We’re no strangers to anxiety in my house. We deal with it all the time. The past week has been a long one because of all the storms that have been passing through the area.

Houston can have some pretty epic storms. Hurricanes aside. The past few years, January and February have been particularly gloomy and rainy. This past week has been filled with storms, which is particularly stressful for Beau. I was having a gloomy, emotional week completely unrelated to the weather, so I wasn’t too upset that we stayed in and cuddled. I’ve rather enjoyed listening to the rain outside my window as I work or rest or read.

Beau is fine with the rain as long as she doesn’t have to go outside in it and it’s not accompanied by thunder and lightning. Unfortunately, not going potty isn’t an option, and there has been quite a bit of thunder and lightning. So the week has not been ideal. 

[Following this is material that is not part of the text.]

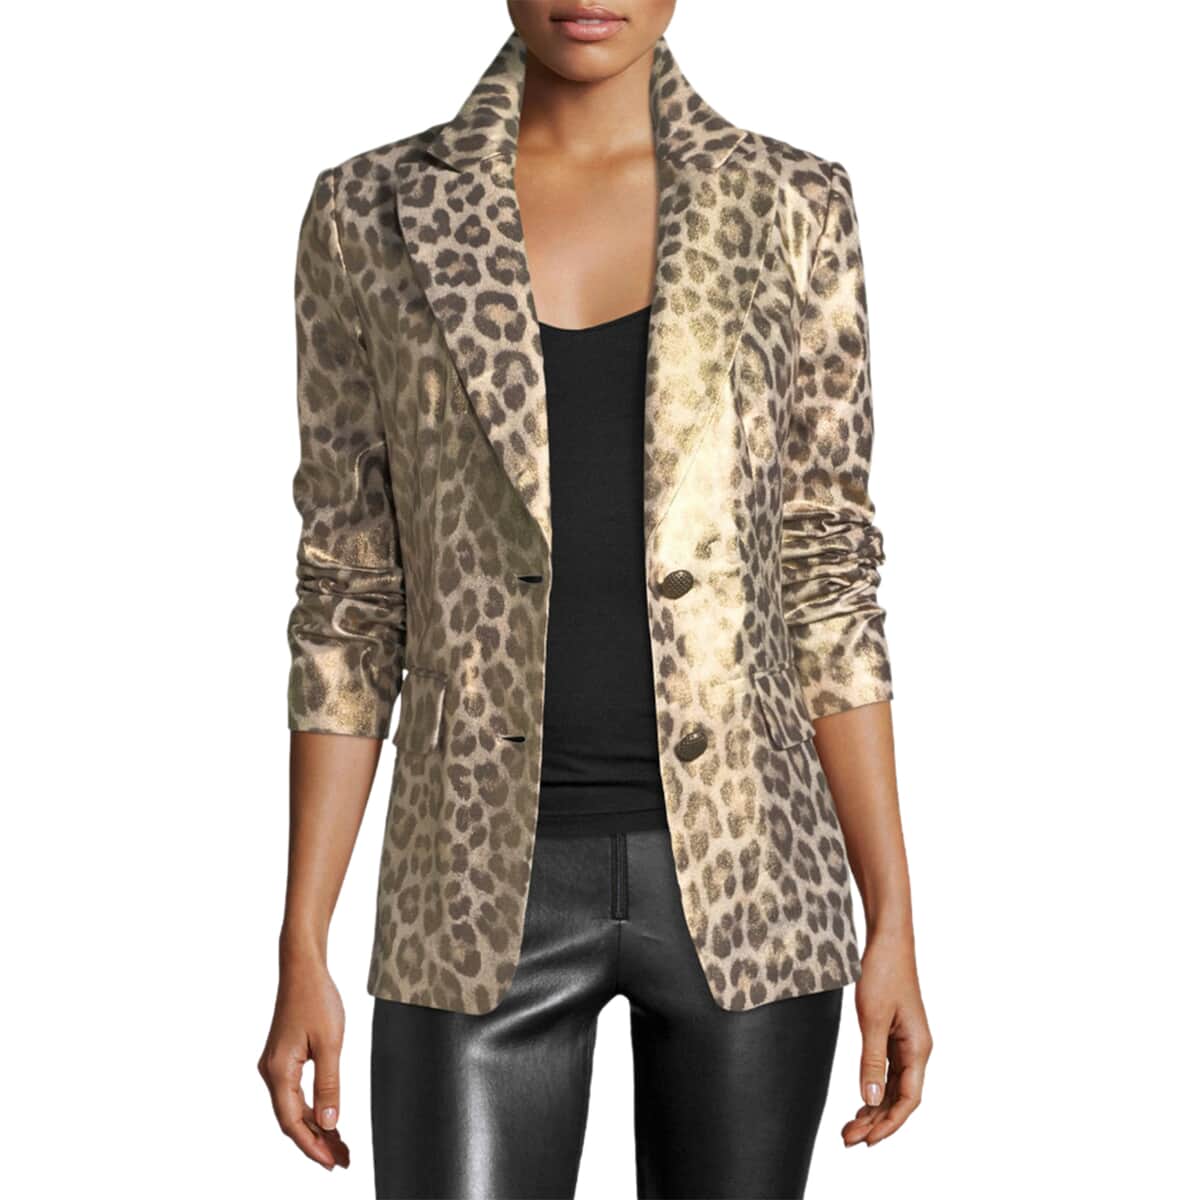 BEREK Tan Metallic Coated Animal Print Blazer Jacket For Women with Notch Collar – M image number 0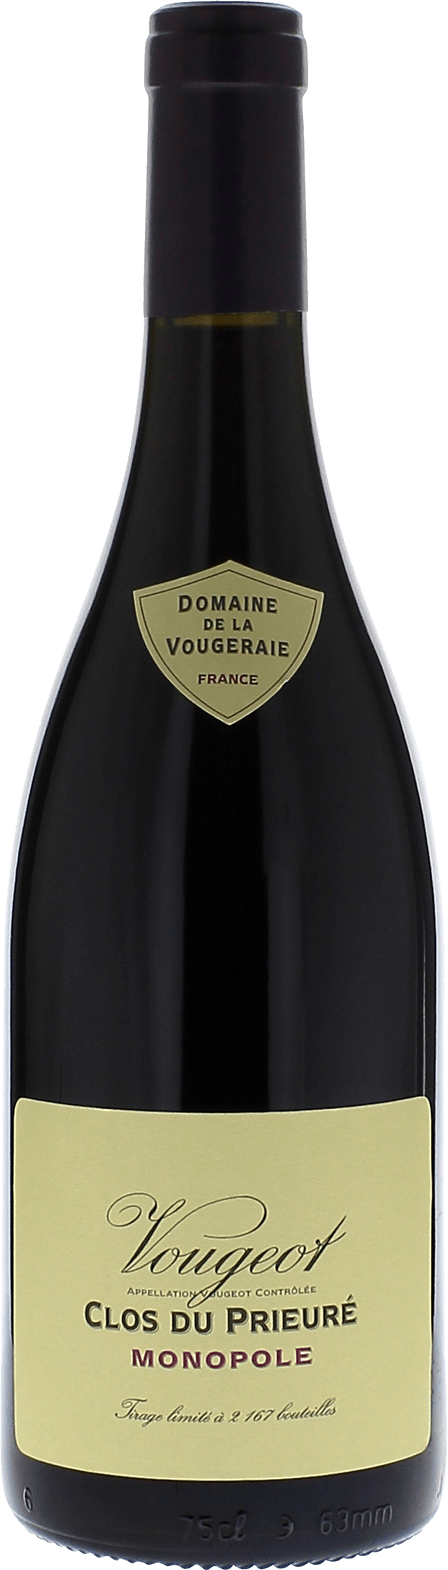 Vougeot clos du prieur 2016 Domaine VOUGERAIE, Bourgogne rouge

Mostly, Beau just wants to curl up and cry. Literally, cry. Sometimes she hides in the closet shaking when the winds pick up and thunder claps. She likes to crawl as far into my arms as possible or squeeze herself tightly between Dylan and I on the couch or in bed. When we cuddle in our chair, she nestles into the blankets and lays on top of me. Being touched, held, and loved on makes her feel safer. It doesn’t stop her shakes or whines, but it settles her as much as possible.   

Beau has a whole collection of sweaters. They help keep her anxiety in check. On the very worst days, we give her benadryl, which makes her sleepy. 

It’s heartbreaking that she has such a hard time with storms. I wish I could do more to help or make her feel better. It’s so much harder when she refuses to leave the house during a storm because she needs to go potty. Sometimes I drag her outside covered in a coat and an umbrella, but she hates when her feet get wet. I have even tried to make her go potty on our covered patio but no. She is a stubborn girl; I have no idea where she gets it from. 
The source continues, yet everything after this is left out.